## INPUT DATA:
BEGIN
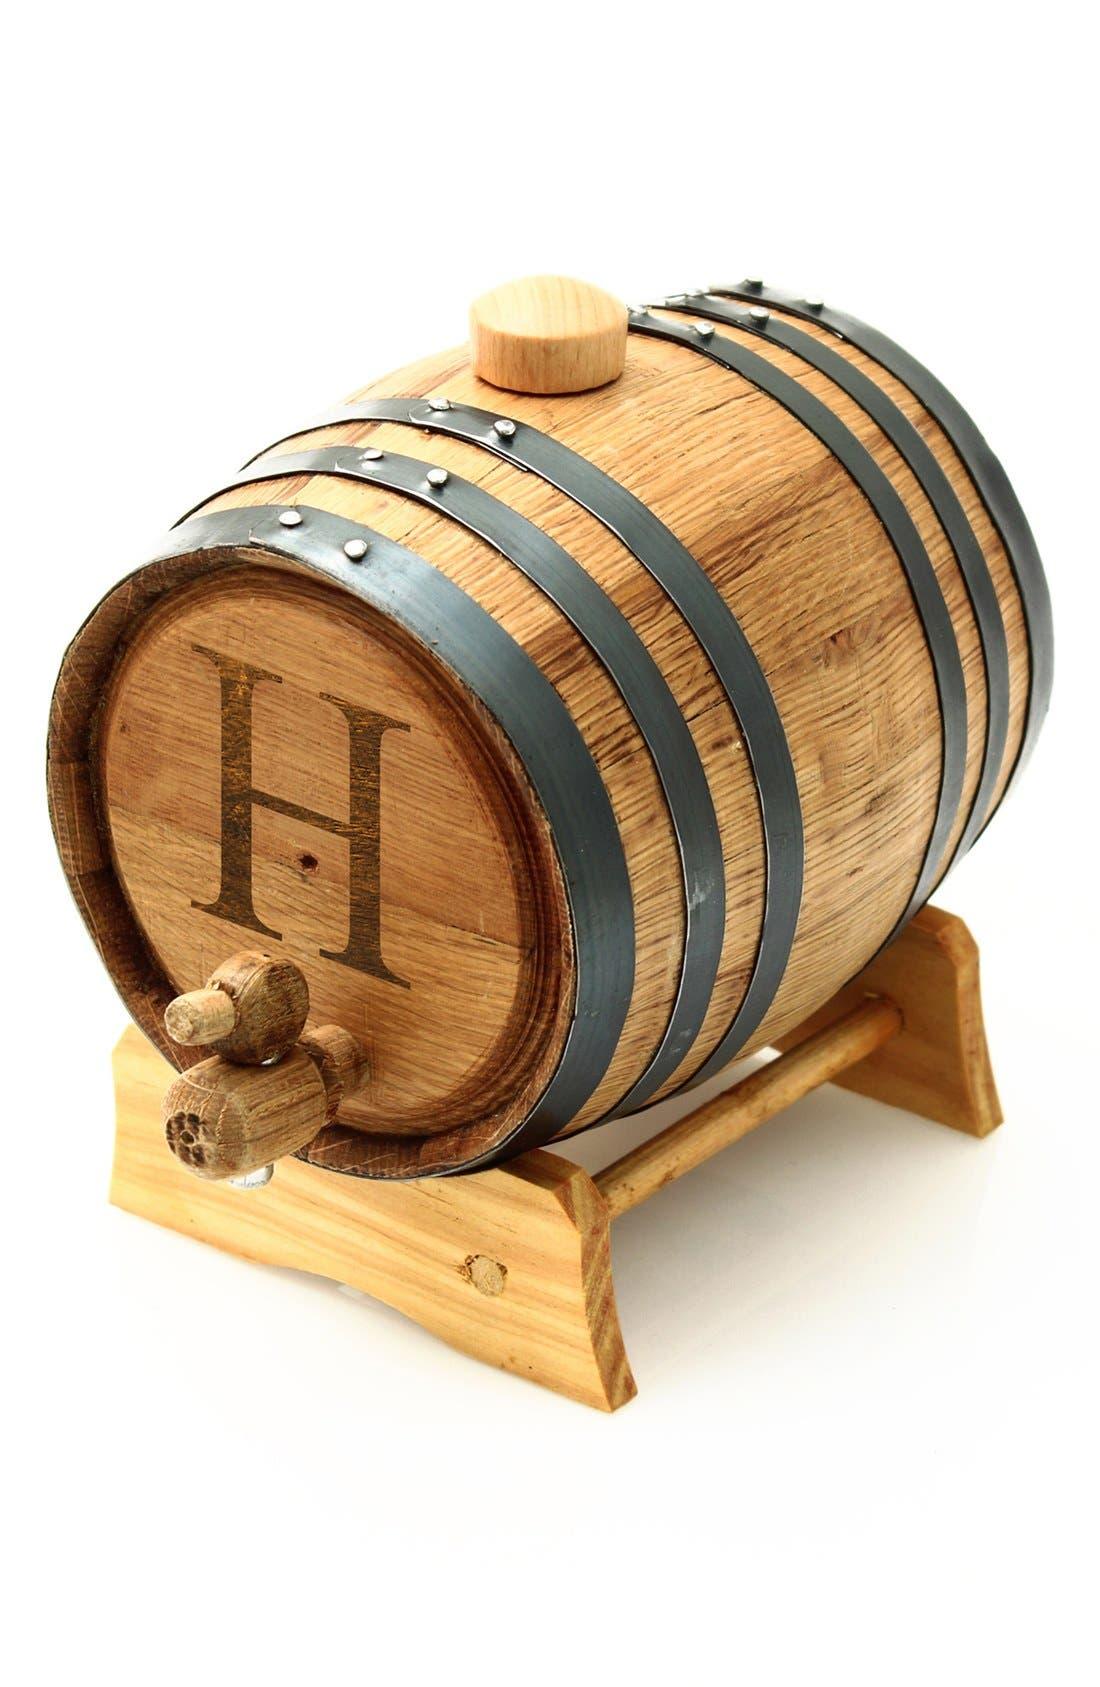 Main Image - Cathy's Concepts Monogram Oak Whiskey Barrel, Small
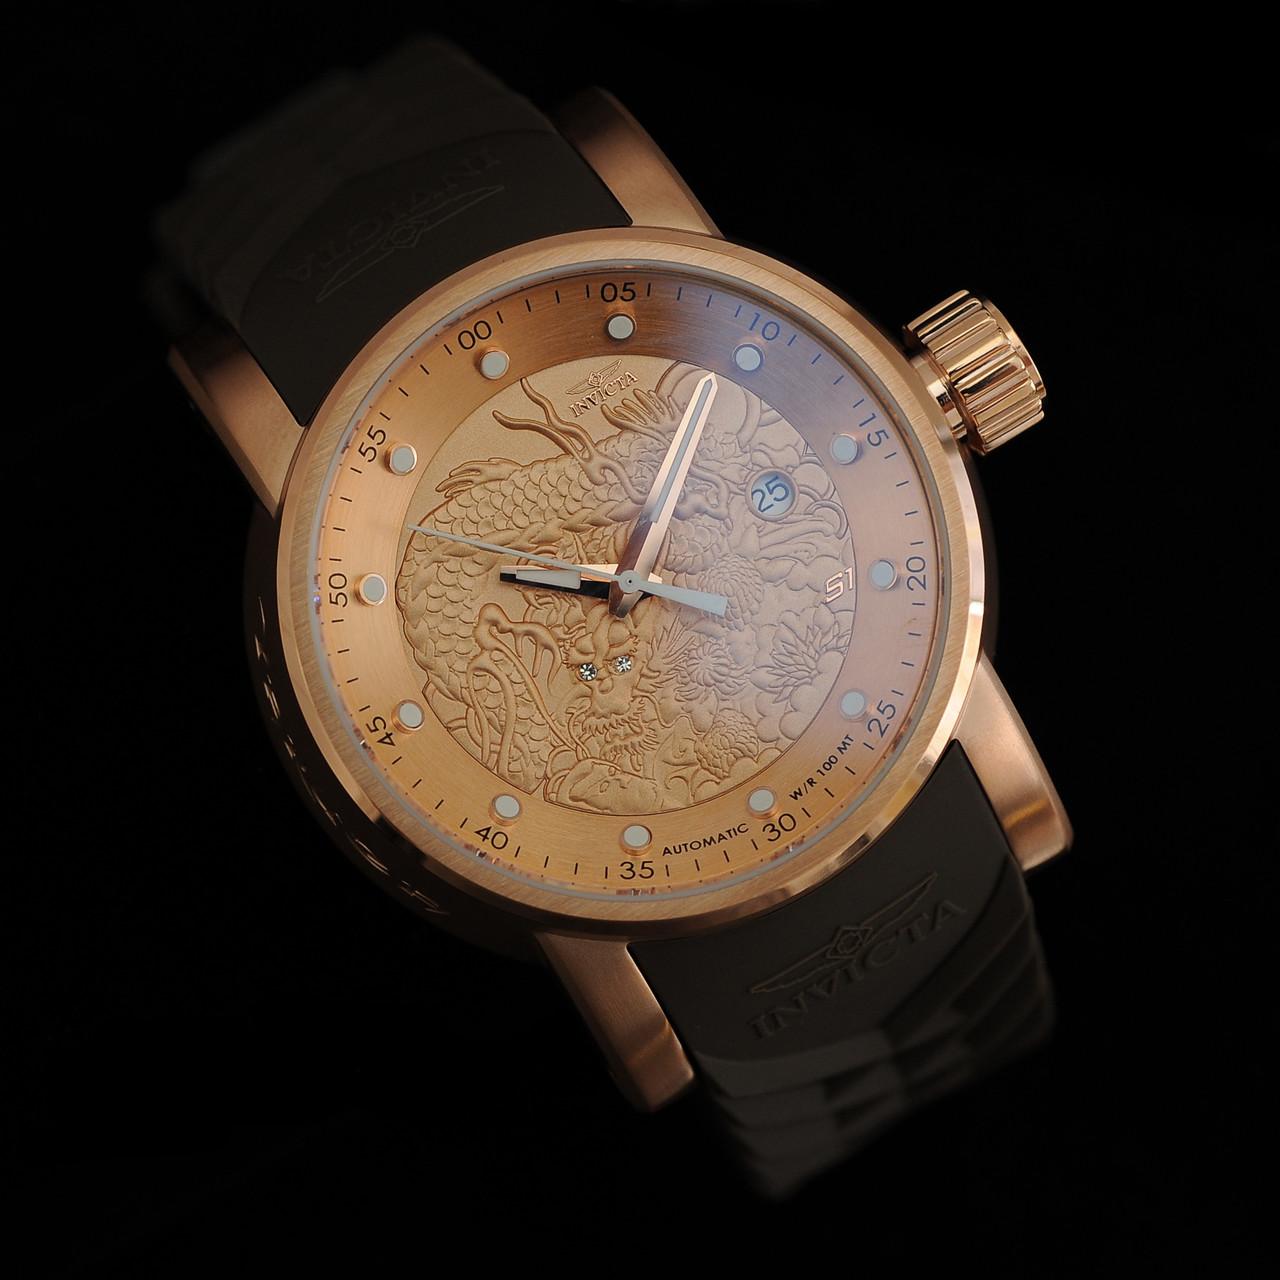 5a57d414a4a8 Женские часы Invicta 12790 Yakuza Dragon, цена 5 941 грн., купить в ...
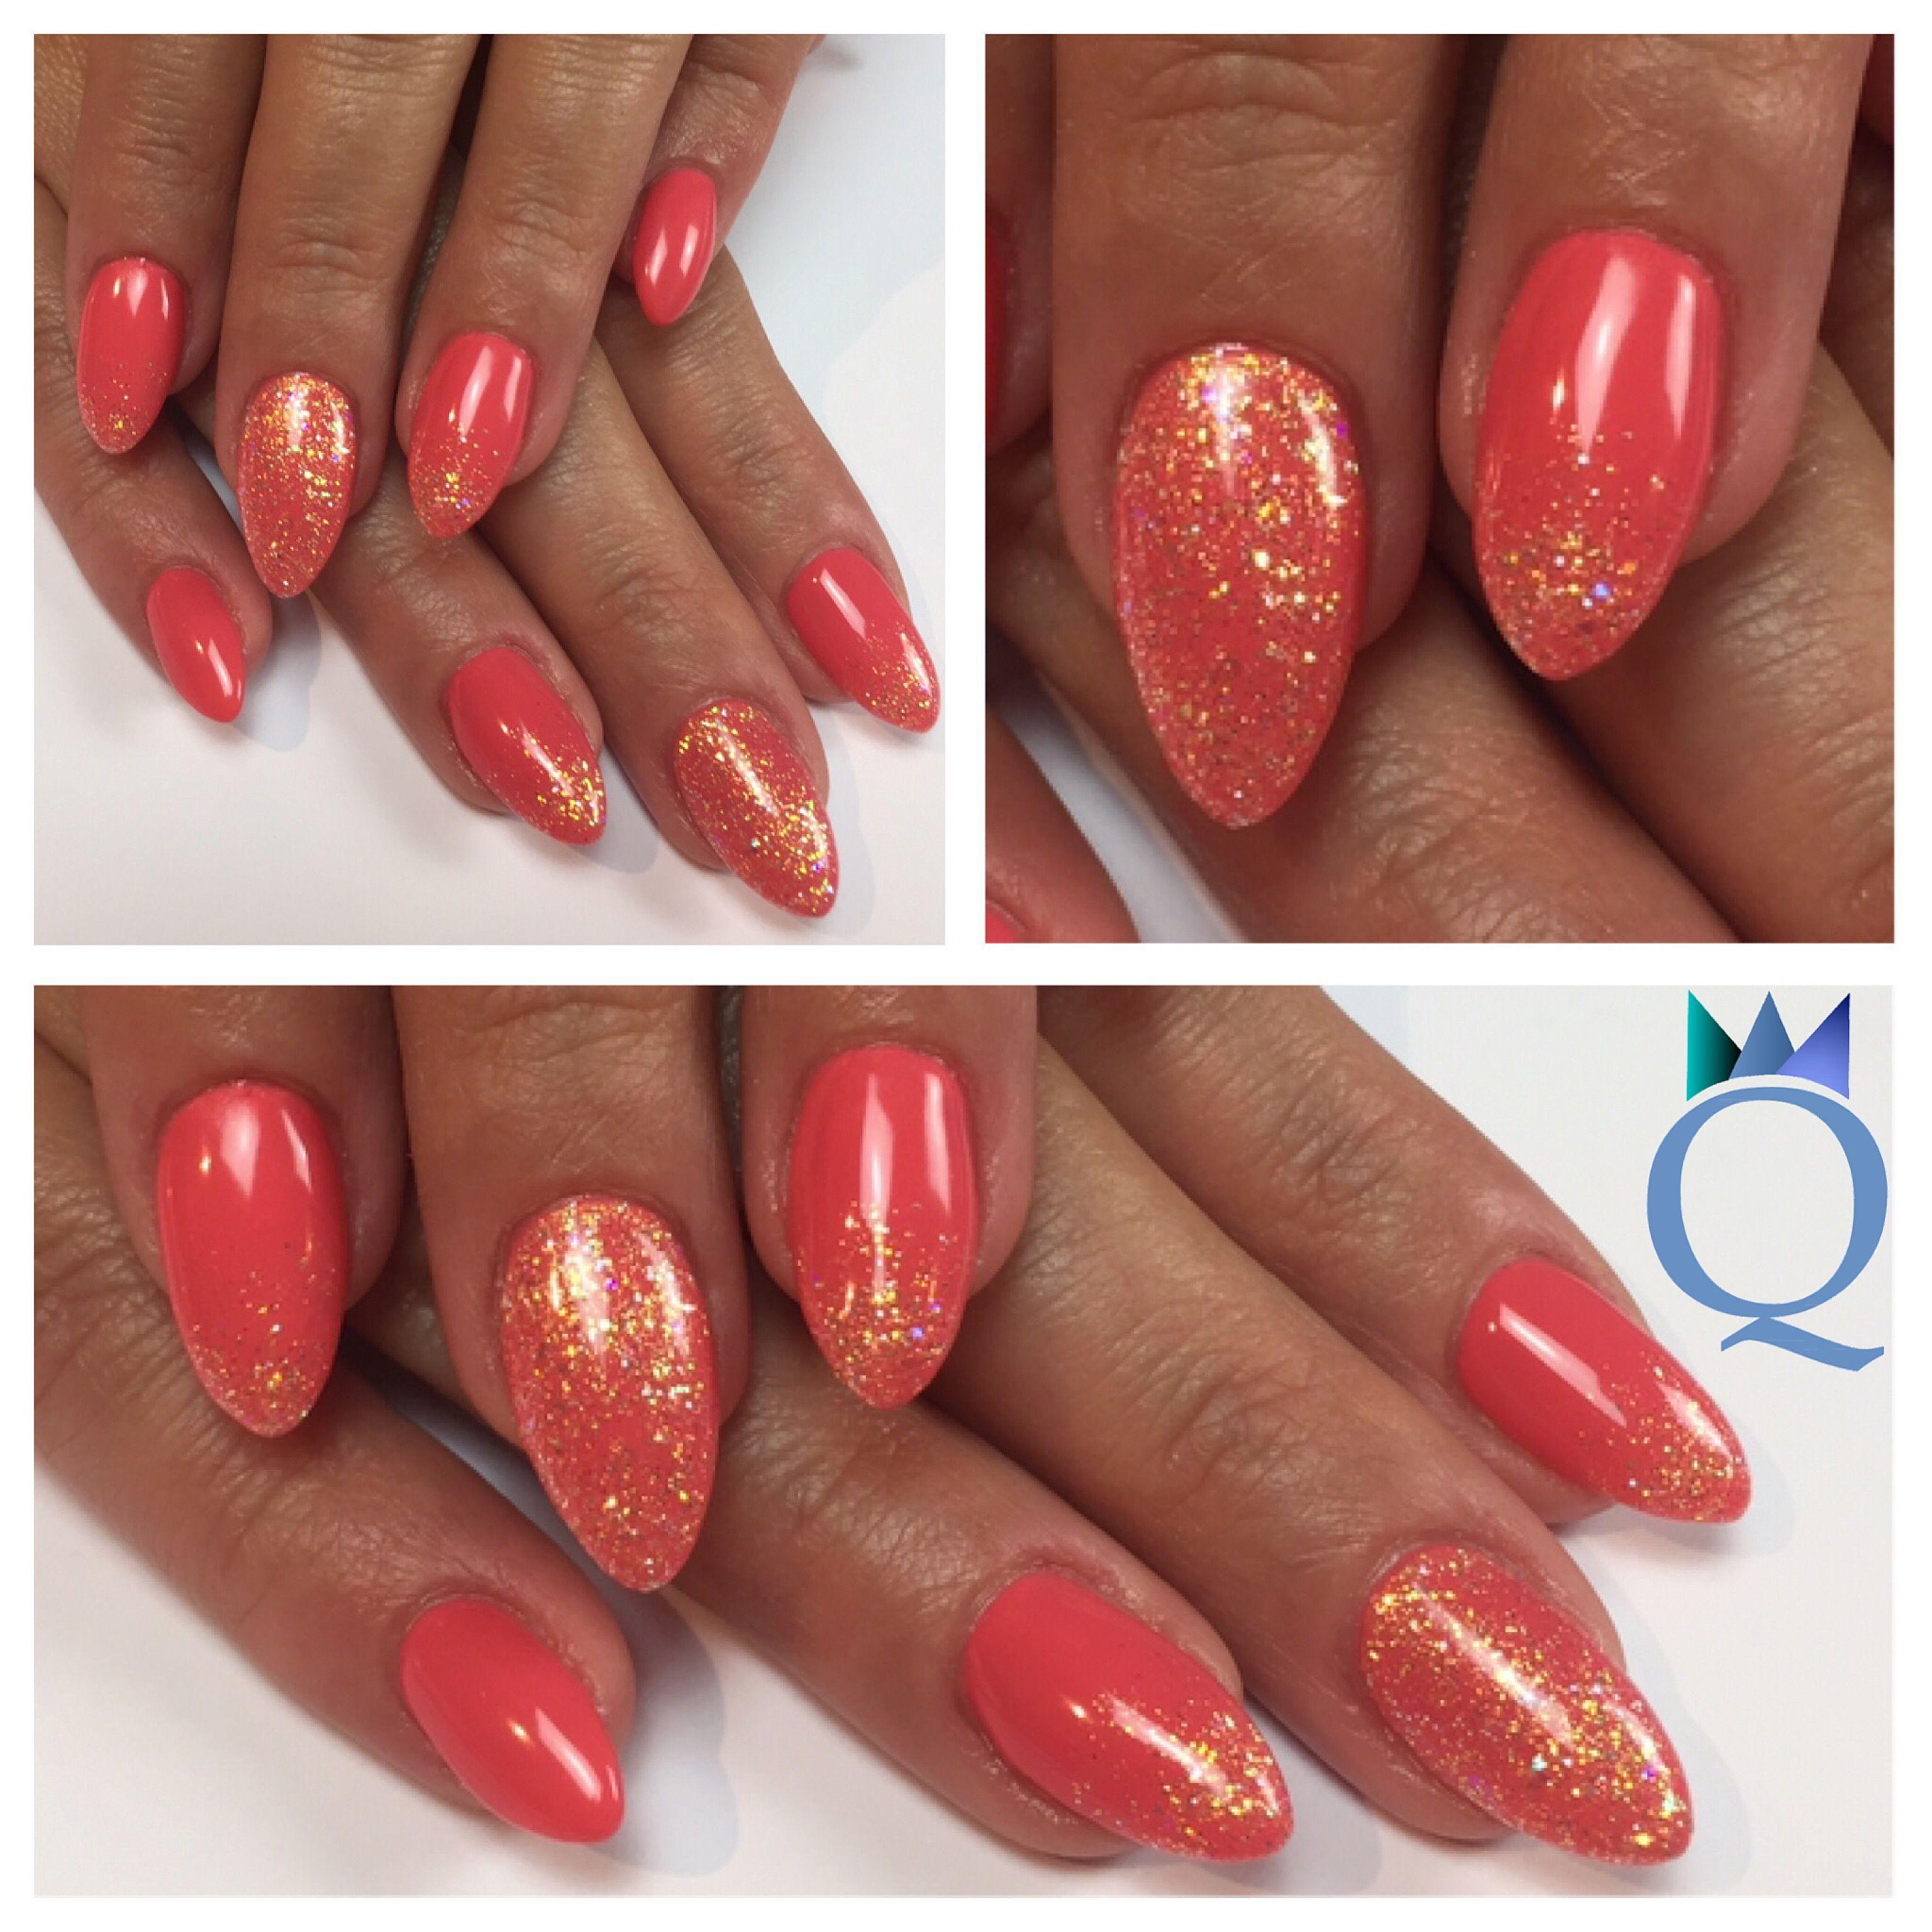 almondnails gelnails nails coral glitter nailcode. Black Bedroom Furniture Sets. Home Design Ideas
END
## ACTION ITEM:
Go through the listing and restate each line word for word, leaving out the pictures.

## RESPONSE TO THIS EXERCISE:
 Main Image - Cathy's Concepts Monogram Oak Whiskey Barrel, Small
 5a57d414a4a8 Женские часы Invicta 12790 Yakuza Dragon, цена 5 941 грн., купить в ...
 almondnails gelnails nails coral glitter nailcode. Black Bedroom Furniture Sets. Home Design Ideas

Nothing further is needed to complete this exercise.